In previous work, we characterized the antibacterial activity of epinecidin-1 and its variants [18,19,20]. In the current study, we investigated whether combining these peptides with non-peptide antibiotics could enhance antimicrobial efficacy and achieve complete inhibition of bacterial growth. Beyond assessing antimicrobial potency, we also explored the underlying mechanisms of action and evaluated the wound-healing properties of the peptides.

2. Materials and Methods

2.1. Peptides

Antimicrobial peptides (AMPs) epinecidin-1 (epi-1) and its variants namely var-1 and var-2 (purity ≥ 95%) were using 9-fluorenylmethoxycarbonyl (Fmoc) solid-phase peptide synthesizer by GenicBio Limited, Shanghai, China. AMPs sequences as reported in (ref) with their corresponding lysine replaced sites are shown in Table 1.

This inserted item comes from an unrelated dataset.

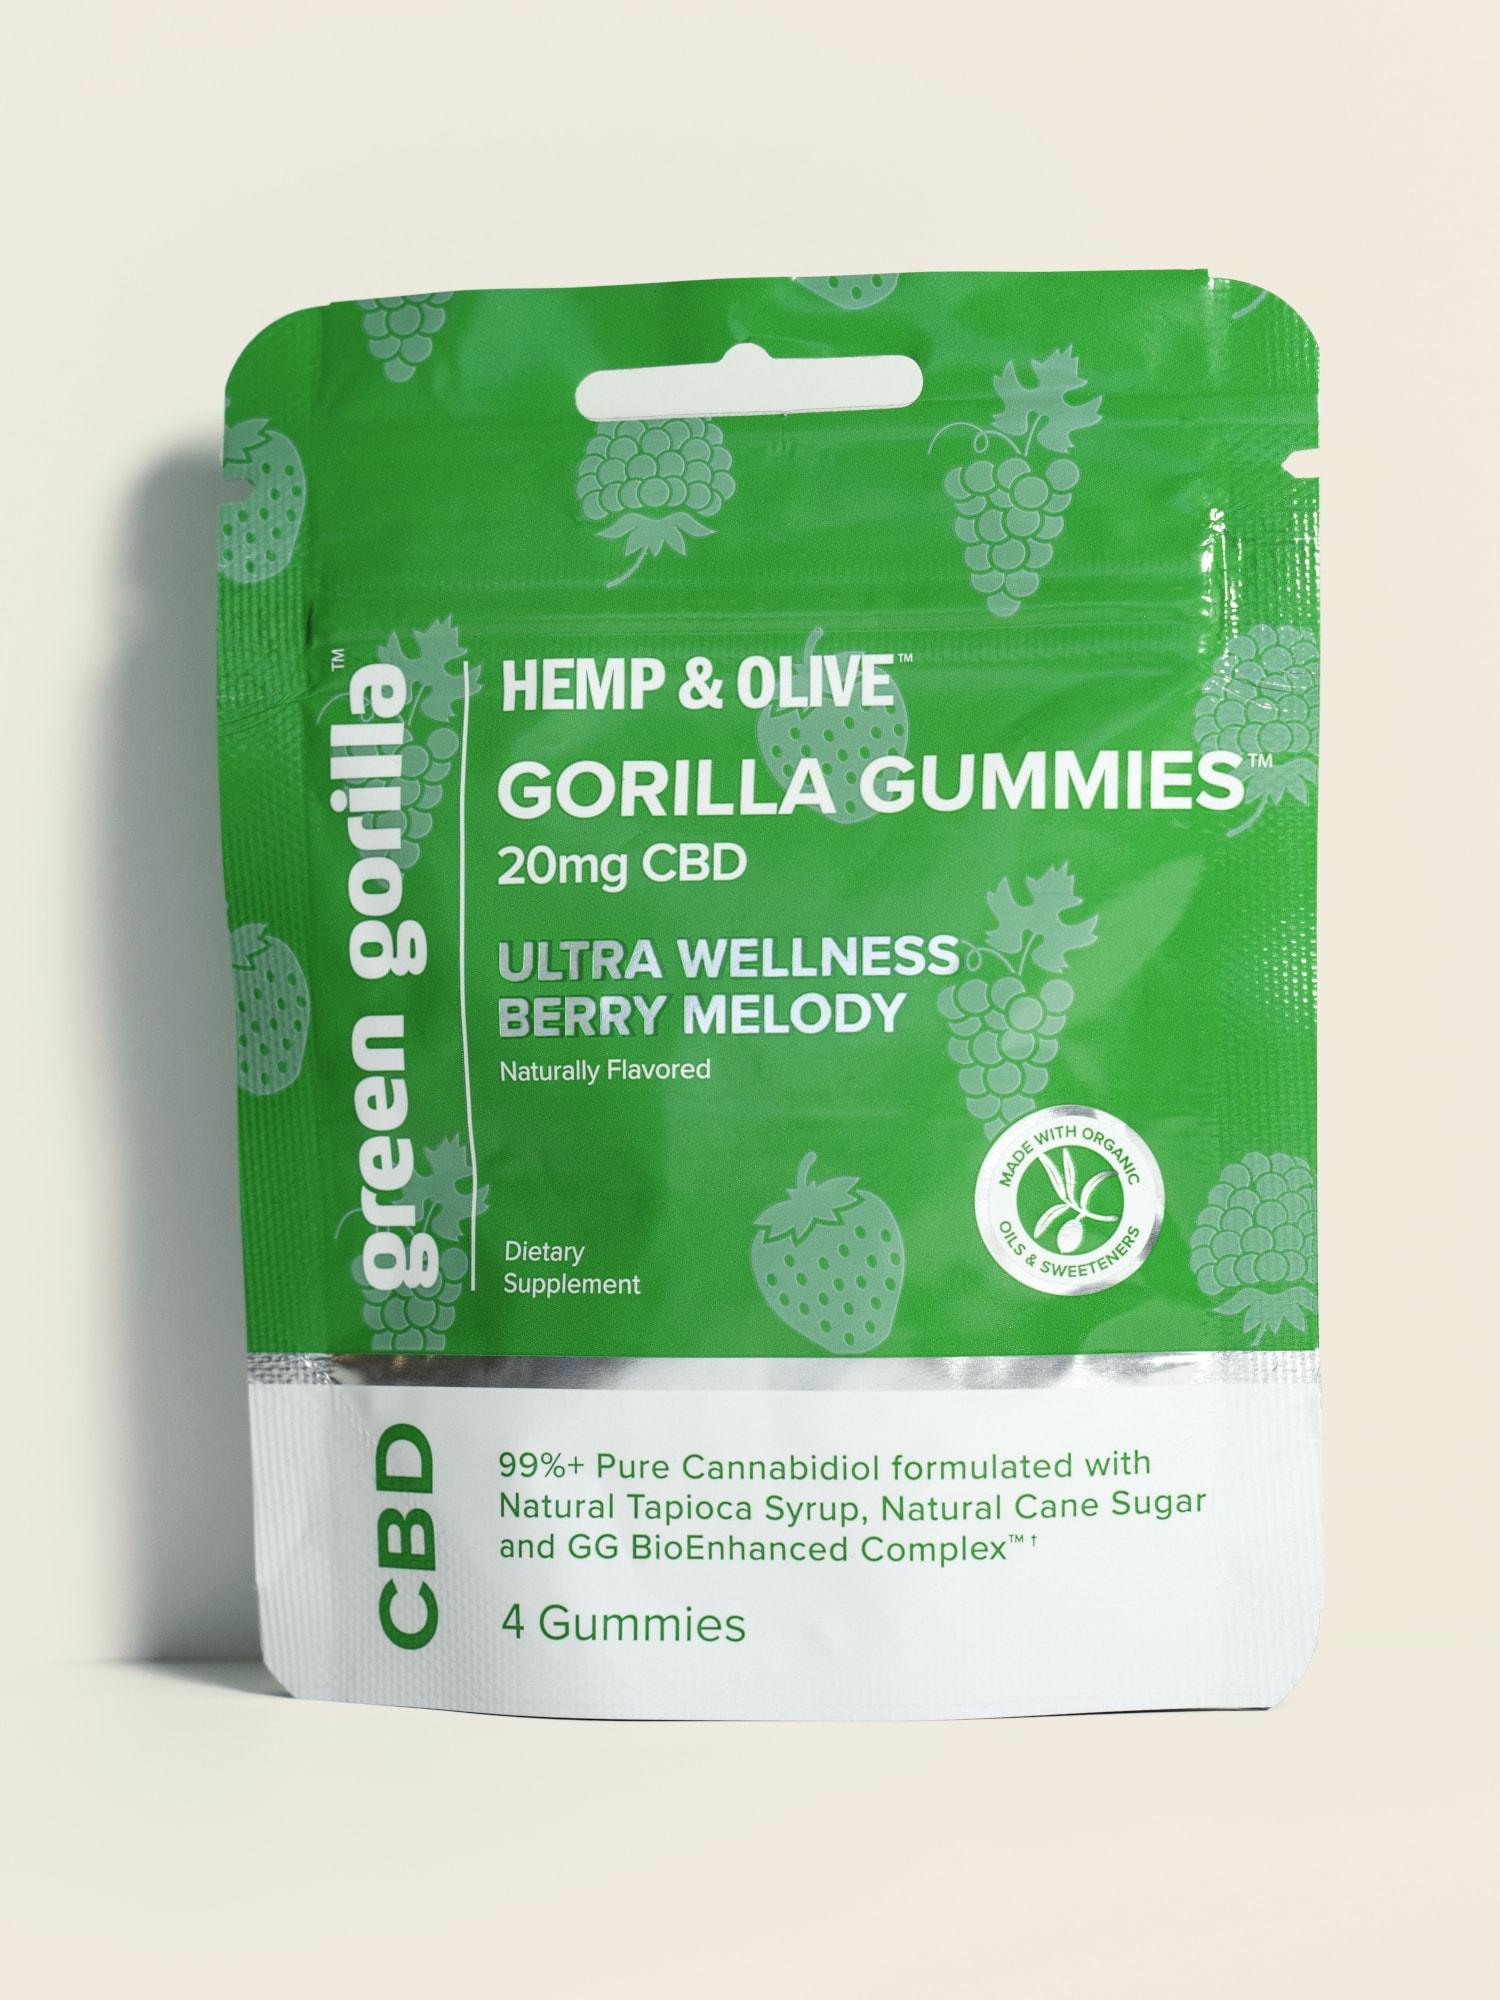 Pure CBD Infused Gorilla Gummies Organic CBD Chewables Travel Size - 20mg

2.2. Peptide Characterization by Reverse Phase-High Performance Liquid Chromatography and Structural Assessment

The peptides were passed through Eclipse Plus C18 (Agilent Technologies, Santa Clara, CA, USA) reverse phase column (4.6 mm × 150 mm, pore size 5 µm) and eluted by a linear gradient of 0%–100% (v/v) acetonitrile in water containing 0.1% (v/v) Trifluoroacetic acid at a flow rate of 1.0 mL min−1, by monitoring the absorption at 280 and 214 nm UV detectors.
For structural assessment, hydrophobic moment, electrostatic surface and Ramachandran plot; secondary structure parameters were performed. Hydrophobic moment: a measure of amphiphilicity which aids to partition in the membrane was calculated using Eisenberg consensus scale available in HELIQUEST server [21]. For plotting electrostatic surface map and Ramachandran map, structural coordinates were required. Hence the structural coordinates were obtained from i-TASSER (Iterative Implementation of the Threading ASSEmbly Refinement) [22]. From the structural coordinates, electrostatic surface maps were generated using PyMOL (Molecular Graphics System, Version 2.5.2 Schrödinger, LLC (New York, NY, USA). The Ramachandran map secondary structure details (phi/psi) plots for the peptides were calculated using RAMPAGE tool [23,24] and VADAR[25].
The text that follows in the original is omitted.